= Email migration =

Transfer of email from one email server to another

Email migration is the process in which an email or multiple email messages are transferred from one email server to another email server. A synonymous term is mailbox migration, which includes the migration of additional records such as emails, appointments, contacts, or tasks. In most cases, email migration is required when a user or organization is transitioning from its current email server to a new one, typically as part of an upgrade, cloud adoption, or platform consolidation.

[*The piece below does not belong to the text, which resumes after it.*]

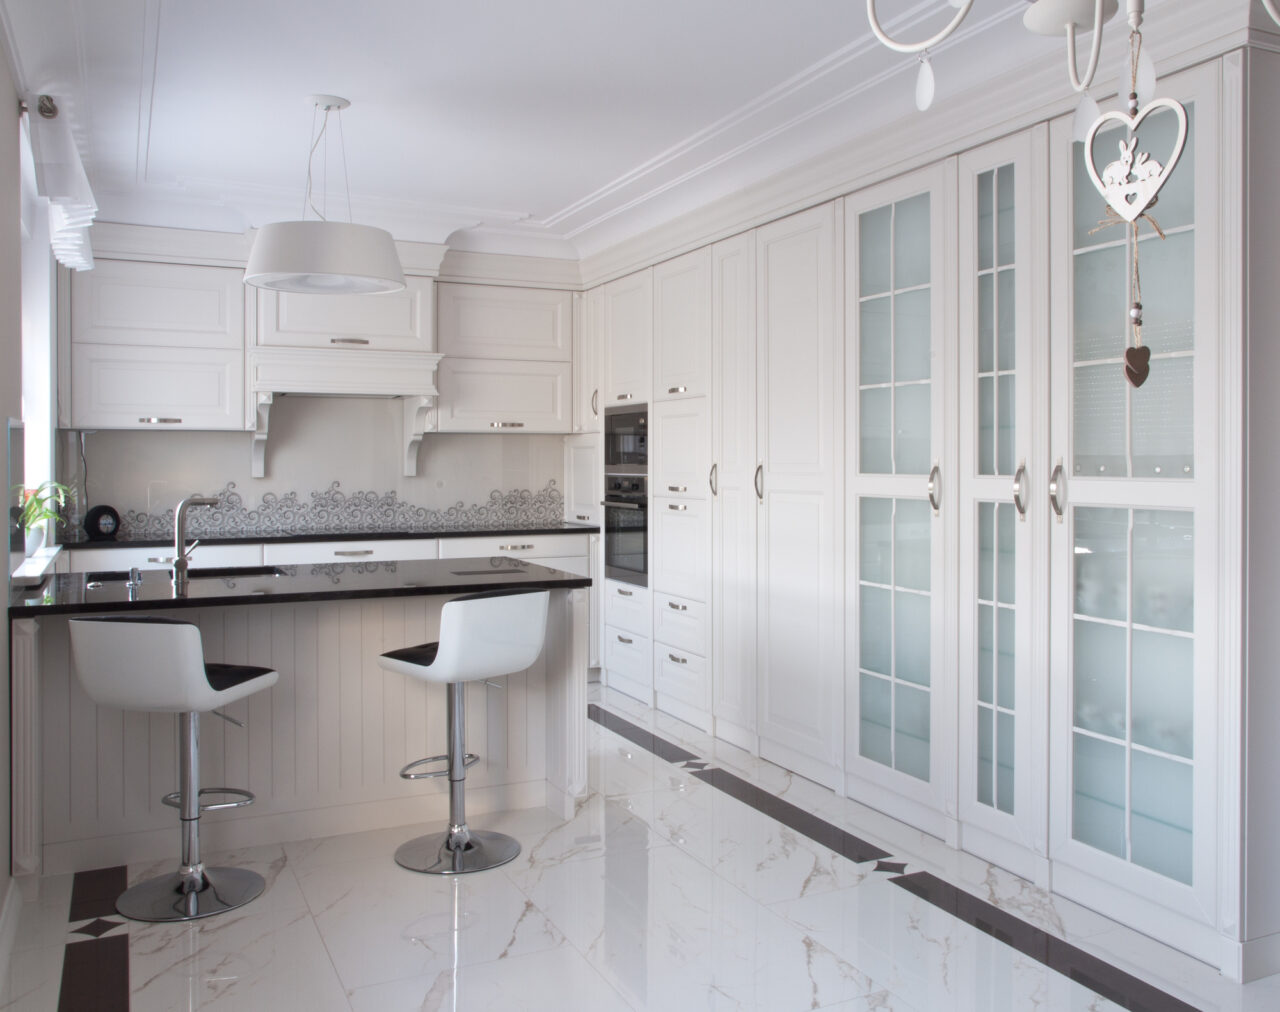 Изработка на кујни по нарачка - DM-130039

This process is an essential aspect of modern business operations, particularly during digital transformation initiatives. It ensures continuity in communication while enabling businesses to take advantage of new technologies, improve security, and enhance operational efficiency. Email migration often extends beyond simple message transfers, encompassing the movement of entire email systems, which can include calendars, contact lists, and archived messages.

== Scenarios ==
Mailboxes may be migrated for different reasons. For example, mailboxes may need to be migrated because a company wants to use a new email service provider. Or mailboxes may need to be migrated following a company acquisition or merger. In most cases, a simple one-time migration approach may be employed. However, more advanced scenarios exist, including:
- Consolidation: email migration is performed to consolidate multiple accounts into one, for example following an employee's departure.
- Backup: email migration is performed to back up or preserve data, for example, to ensure legal compliance.
- Coexistence: email migration is performed for evaluation purposes, for example during a migration pilot.
- Upgrade: email migration is performed to facilitate an upgrade, for example when deploying a new version of an email system.

== Procedure ==
Various technical procedures are normally used to achieve email migration:
- Email forwarding: this allows a mailbox to forward received content to a designated email address.
- MX record modification: this allows a mail server to process emails on behalf of a designated SMTP domain.
- Content conversion: this allows content to be converted, for example from TNEF to MIME format.
- Property mapping: this allows properties to be mapped, for example from Gmail to Exchange contacts.
- Copy Email: Make a copy of an email from a source mailbox to a destination mailbox

== Features ==
Email migration solutions may implement different features which determine their suitability for different migration scenarios:
- Supported systems: defines the list of source and destination systems supported (ex: IMAP, Gmail, Exchange).
- Administrative logins: allows administrative login to multiple user mailboxes (ex: using OAuth).
- Multi-pass migrations: allows multiple migrations pass without creating duplicates.
- Scalability: allows a large set of mailboxes to be migrated concurrently.
- Monitoring: allows administrators to monitor migration progress and receive alerts.
- Analytics: allows administrators to access statistics such as transfer speed, error rate, etc.
- Reliability: allows the migration process to automatically handle or retry errors during migration.
- Filtering: allows migration of specific content (ex: date range) from specific locations (ex: folders).
- Security: allows migrated content to remain secure, for example using TLS encryption.